Collected data ::
────────────────────
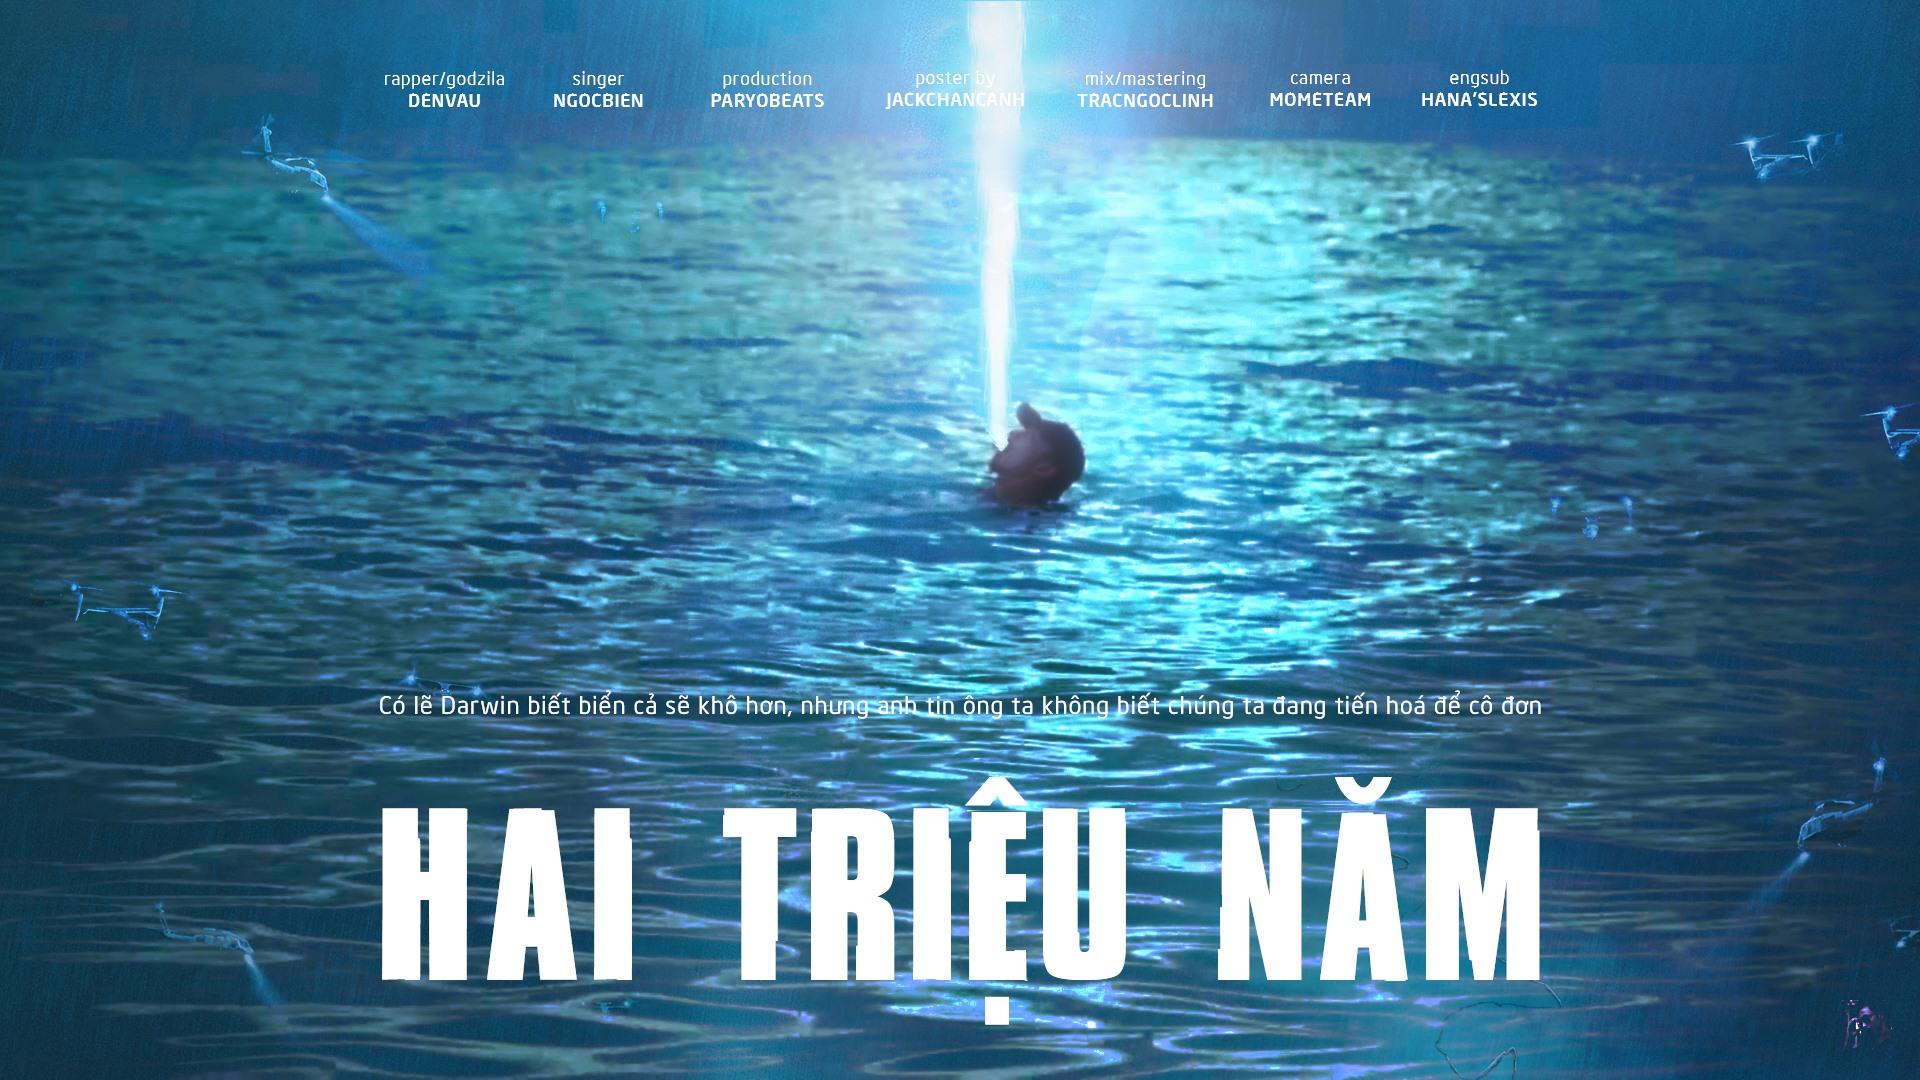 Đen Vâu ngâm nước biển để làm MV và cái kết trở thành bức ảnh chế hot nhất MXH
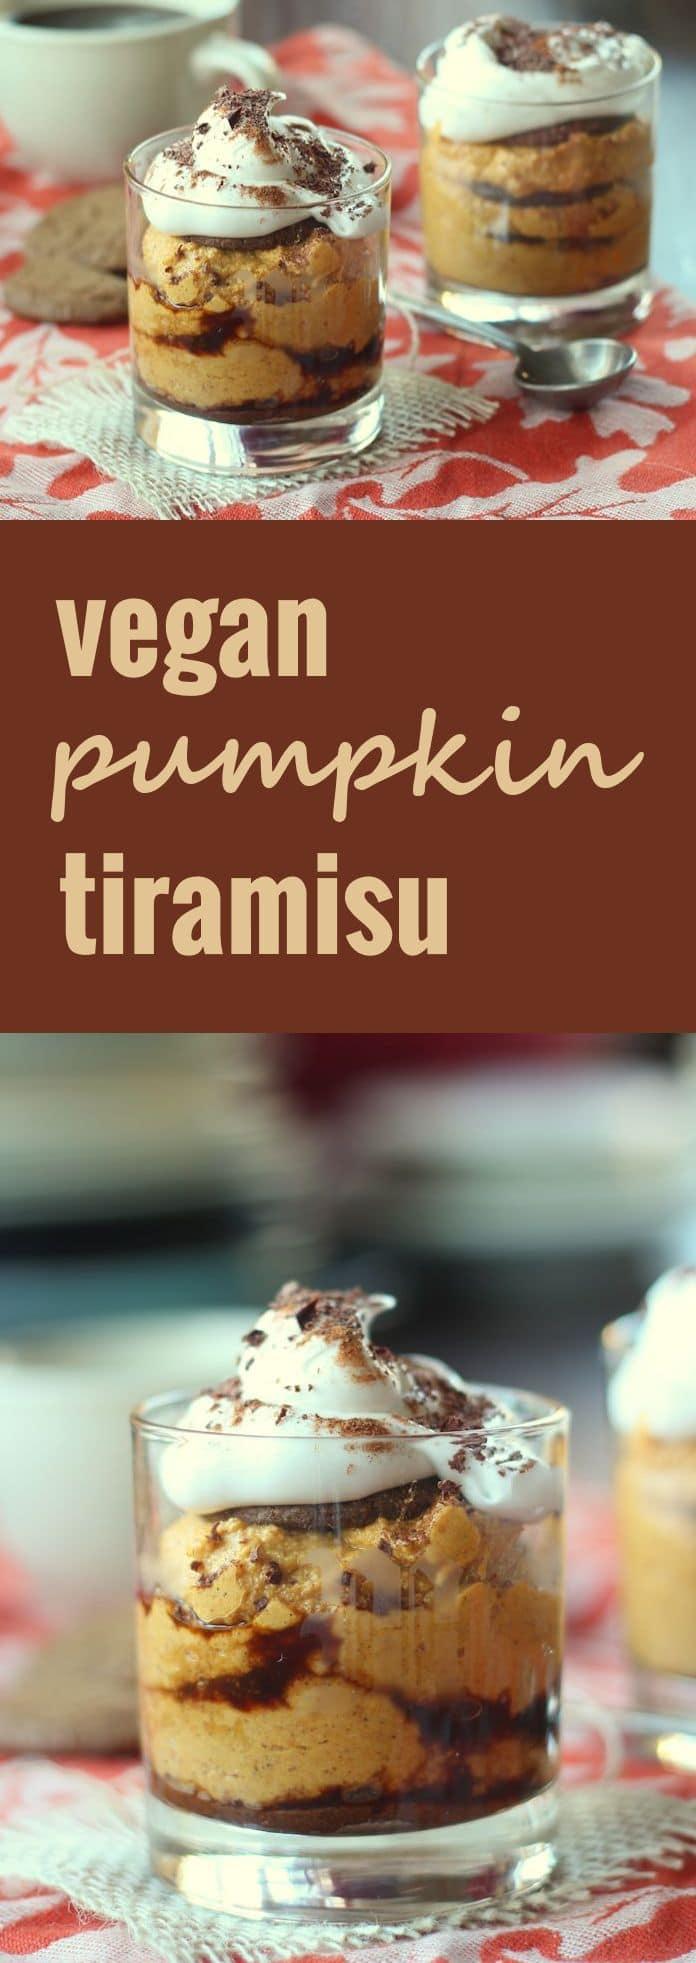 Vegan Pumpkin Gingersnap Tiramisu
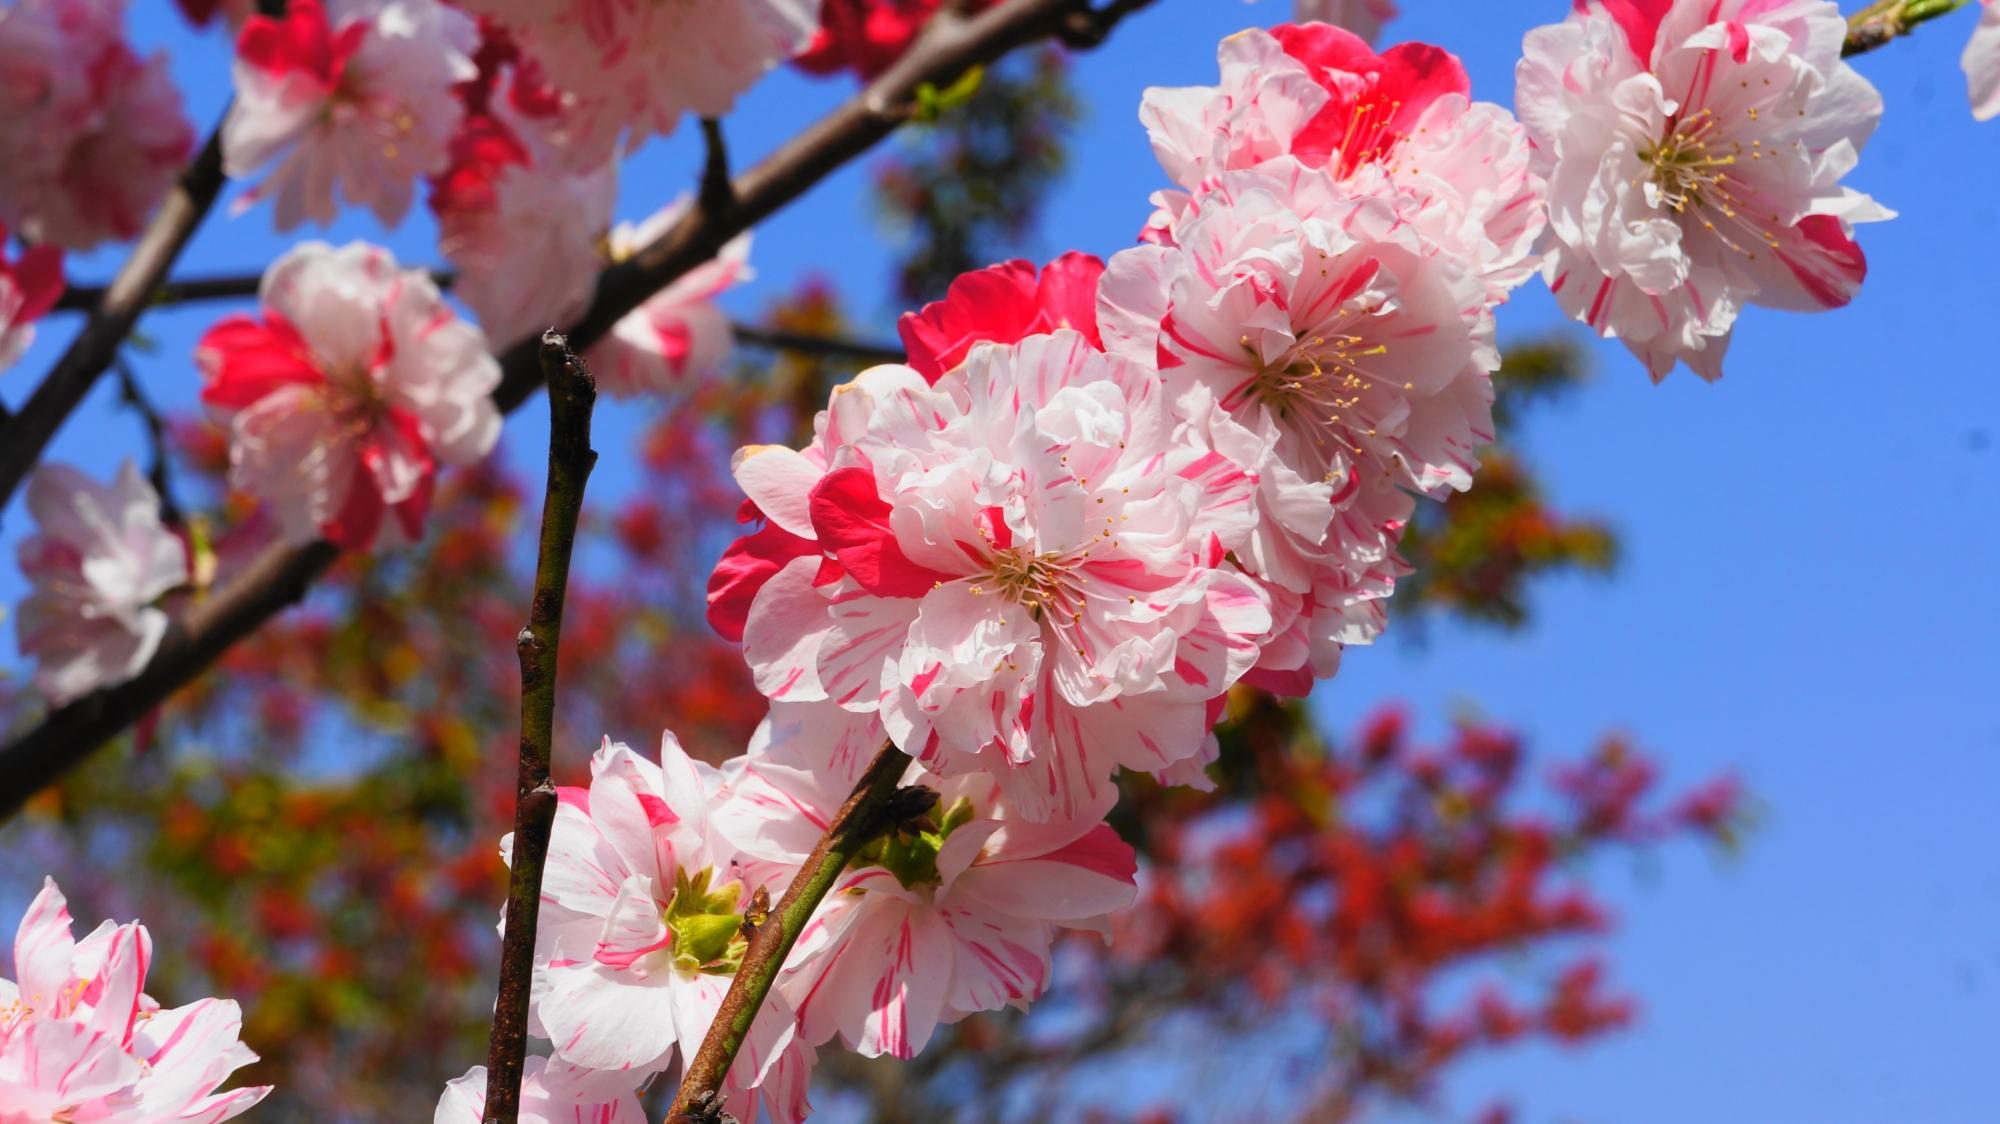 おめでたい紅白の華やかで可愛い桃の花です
────────────────────
Task directions :: Set down nothing but the lines from the one containing "Vegan Pumpkin Gingersnap Tiramisu" to the final line above, both included, with every picture left out.

Response below ::
 Vegan Pumpkin Gingersnap Tiramisu
 おめでたい紅白の華やかで可愛い桃の花です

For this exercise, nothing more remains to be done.